В галерее было малолюдно, и когда Клим на третий день опять заступил на свое дежурство, старушка, вязавшая чулок у входа, подозрительно спросила:

— Вы что тут делаете, молодой человек?

— Смотрю,— стушевался Клим.

— А вы посмотрели —и хватит... И ступайте себе... Чего вам еще смотреть-то?...— сказала старушка настойчиво.

Она следила за Климом с такой опаской, что он не выдержал и двух часов. Досадуя на зловредную старушонку, он попрощался с «Сорренто», вышел на лестницу, но потом вернулся:

— А знаете,— сказал он старухе, которая встревоженно поднялась ему навстречу,— из Лувра все-таки сперли «Джоконду»!

— Вы идите, молодой человек... Идите себе с богом...— пробормотала она, пугаясь все больше, но, видимо, ничего не поняв.

— Я завтра снова приду,—пообещал.Клим.

— Но завтра он уже не пришел. Он понимал, что след снова затерялся, нить оказалась ненадежной.

15

Однажды Клим явился в класс за несколько минут до урока и увидел ребят, густо столпившихся возле подоконника, на котором восседал Шутов.

Клим сел за свою парту и старался не слушать, о чем галдели ребята. Он только понял, что речь идет о каком-то пари между Шутовым и Слайковским, и одни приняли сторону Слайковского, а другие — Шутова. Но на немецком языке наступила вдруг такая тишина, особенно когда вышел отвечать Шутов, так настороженно, с таким охотничьим азартом впились в немку все глаза, что Клим невольно подумал, нет ли тут какой-нибудь связи с утренним спором.

К Мальвине Семеновне, низенькой, горбатенькой женщине с густым слоем пудры на лице, никто не относился всерьез; в младших классах ее встречали разудалми частушками: «Калинка, мальвинка моя»... Мальвина Семеновна, с ярко накрашенными губами, в цветастом платье, с туфельками на высочайших каблуках, похожая на девочку, кричала на ребят раздраженным, дребезжащим голоском, но он никого не пугал, а наоборот — смешил еще больше.

Наверное, тишина, охватившая десятый класс, встревожила ее тоже, слишком уж она привыкла к неистовому шуму на своих уроках, и сказав:

— Übersetzen sie, Genosse Шутов, — она отошла к окну, маленькая, похожая на пичужку, которая чувствует опасность, но не знает, откуда она крадется.

— Ich liebe Sie, Мальвина Семеновна,—проговорил Шутов, подняв лицо от лежавшего на руке учебника и глядя прямо на немку.

— Что вы такое переводите? — сказала она.— Я вас прошу перевести параграф.

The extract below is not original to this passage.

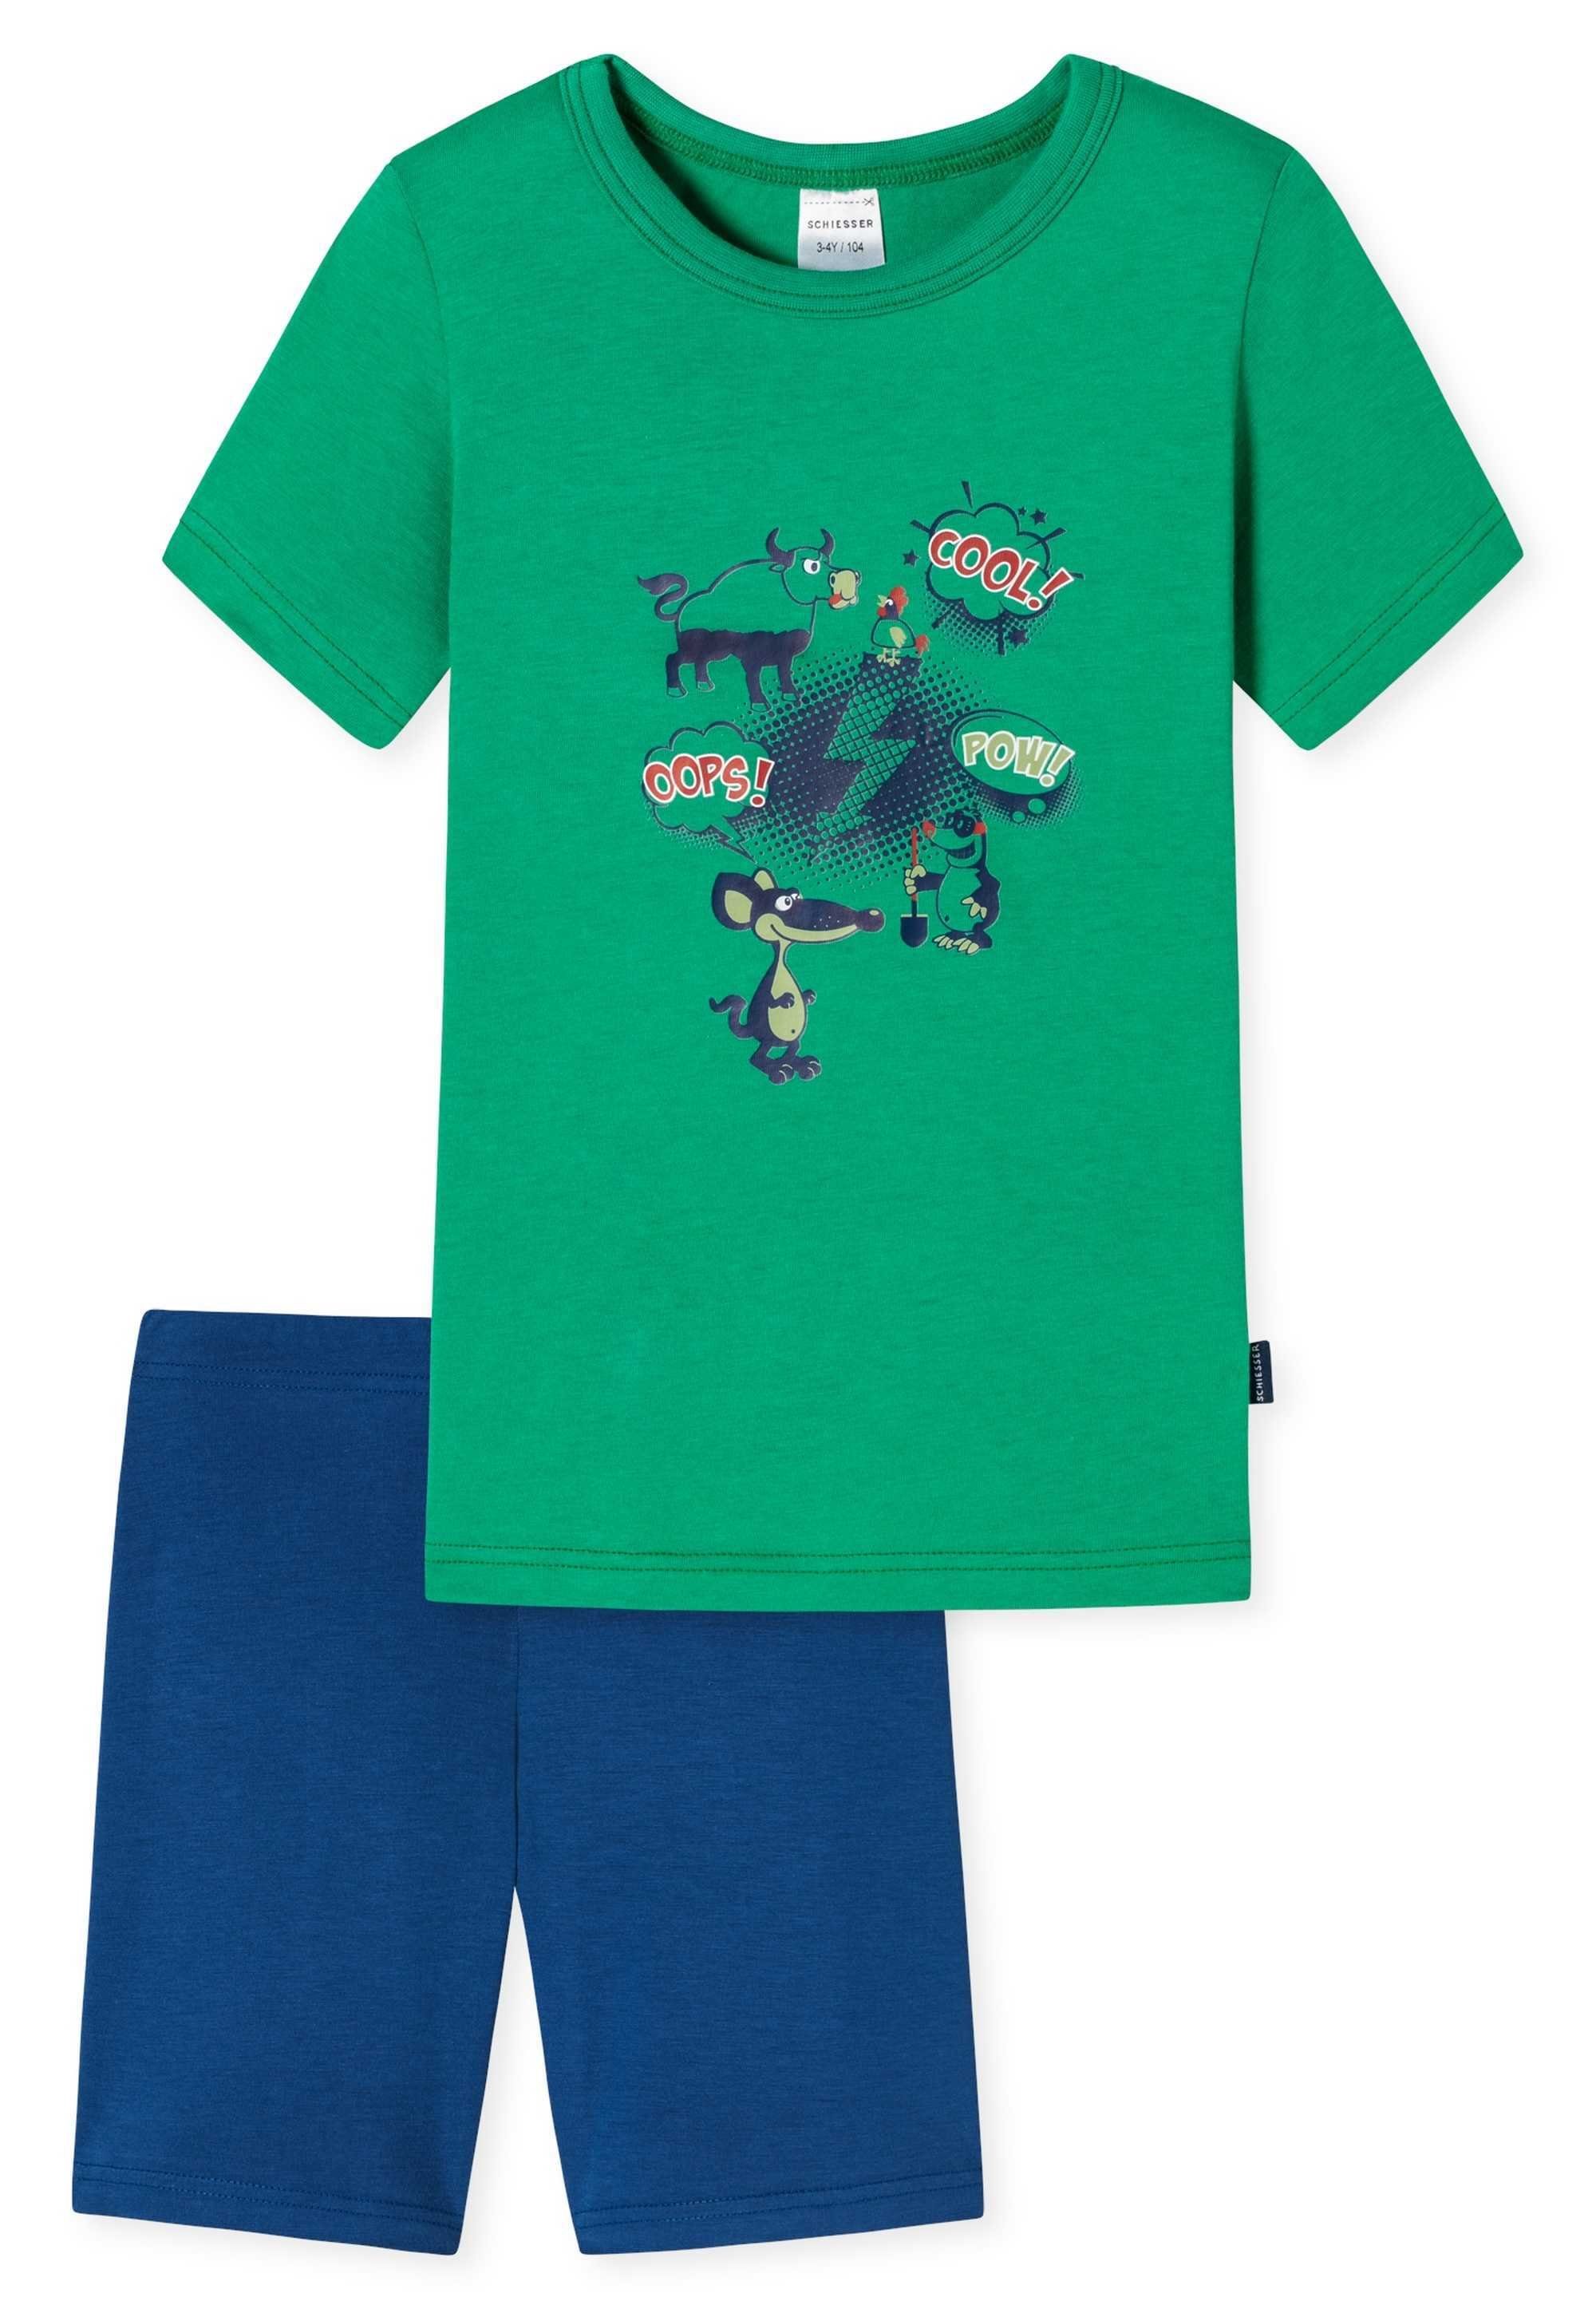 2-tlg. Schlafanzug Grün/Blau kurz, Kinder - Jungen Set Pyjama Schiesser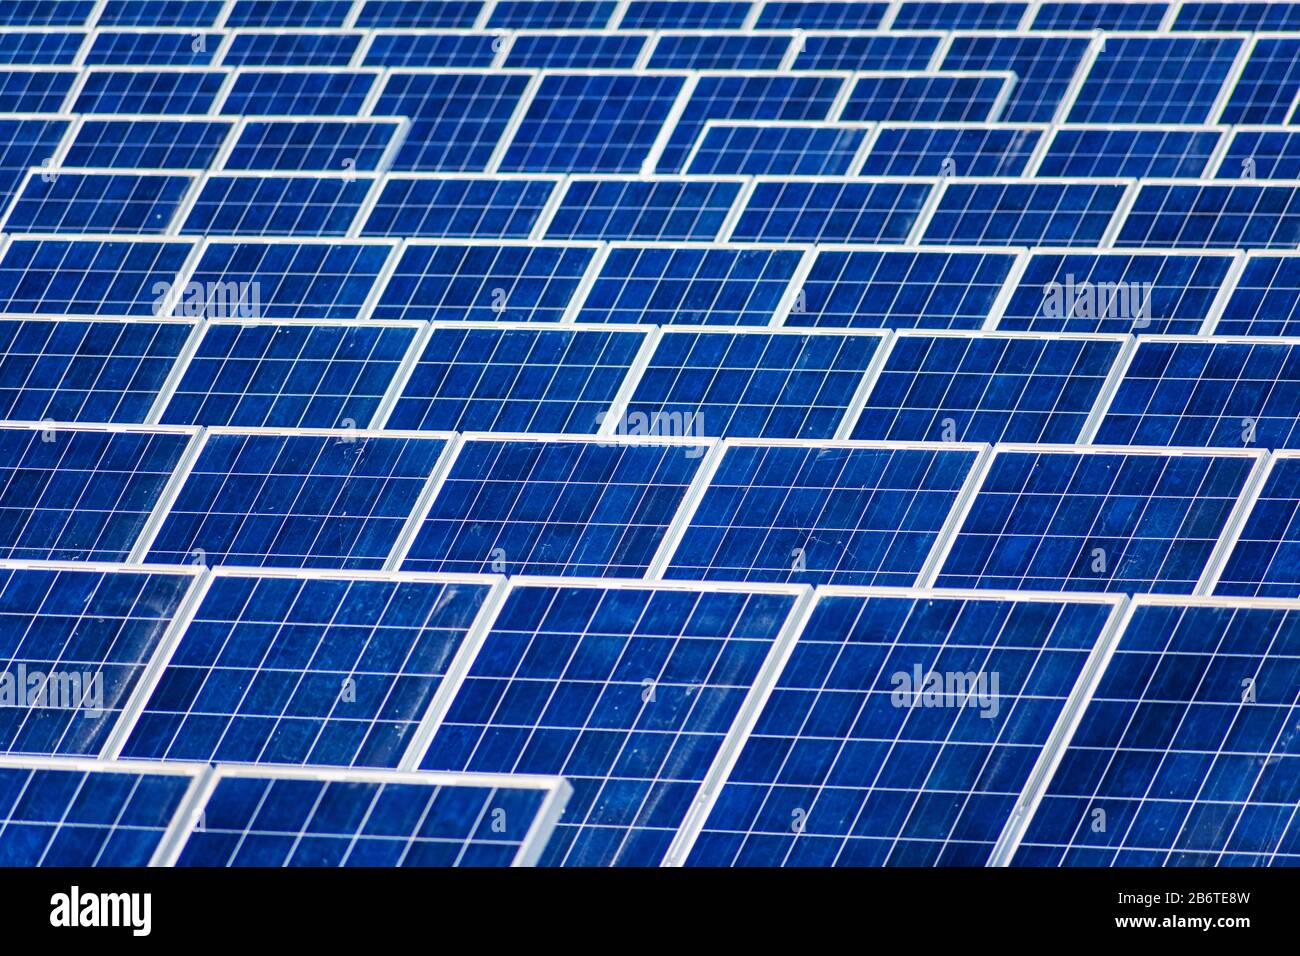 Staubige Oberfläche von Solarmodulen erfordert Wartung und Reinigung. Elektrische Solaranlage und Anlage. Stockfoto

— Ich liebe Sie sehr,— повторил Шутов, не отрывая от нее глаз и слегка улыбаясь.— Ich denke von ihnen in der Stille ,der Nächte. Küß mih, mein Mädchen. Wollen Sie nicht heute Abends mit mir ins Кinо gehen? 1

Она еще не успела ничего сказать, даже растеряться как следует не успела, и даже не попыталась его оттолкнуть — такая маленькая, беспомощная — когда он подошел к ней и поцеловал ее в щеку. Только кровь отхлынула с ее лица, и на нем очень явственно, четко проступили румяна — густые, как у циркового клоуна. Потом у нее крупно затрясся подбородок и, громко стуча остренькими каблучками, она выбежала из класса, оставив на столе раскрытый журнал. Шутов же сплюнул, обтер губы и, подходя к своей парте, бросил Слайковскому:

— Коньяк за тобой. И чтобы пять звездочек — без мошенства!

Когда Клим, захлестнутый бешенством, очутился перед Шутовым и обрушил на его голову крик, похожий на рычание, он испытал при этом странное, головокружительное чувство: как будто его со связанными руками бросили в колодец, и он летит в пустоту, не в силах задержаться; уцепиться за что-нибудь. Он искал, он жадно хотел отыскать в глазах Шутова ответную злость, ярость, но в них было пусто, пустота — и только.

И когда он выкрикнул все, что мог, Шутов спросил:

— Кончил? — и как-то устало усмехнулся.

И Клим снова заорал, уже ясно ощущая, что вполне бессилен со своим криком, что тут надо просто ударить—с маху, всей силой, по этой спокойной, циничной роже, и бить, бить до тех пор, пока в ней проснется что-то человеческое.

— Кончил? — повторил Шутов второй раз, когда Клим выдохся.— Так вот. Если ты комсорг, ты других воспитывай. Не меня.

— А ты кто такой? :— крикнул Клим.

— Я — Шутов,— и он произнес вторично, растягивая слоги:—Шу-тов.

Но есть же где-то предел, какой-то предел!..

Вероятно, когда Клим оглянулся, в его взгляде было что-то такое, что всколыхнуло угрюмое молчание ребят.

— Нехорошо, братцы, все получилось,— хмуро сказал Мамыкин, сидя за своей партой и не подымая глаз.—Нехорошо...

— Проспался? — гоготнул Слайковский.— А сам ты что, не слыхал, когда сговаривались?..

— Слыхал,— виновато пробасил Мамыкин и тяжело вздохнул.—Да я сдуру думал, это шутка...

— Шутка! — Слайковский закатился тоненьким смешком.— Кому шутка, а кому — пять звездочек!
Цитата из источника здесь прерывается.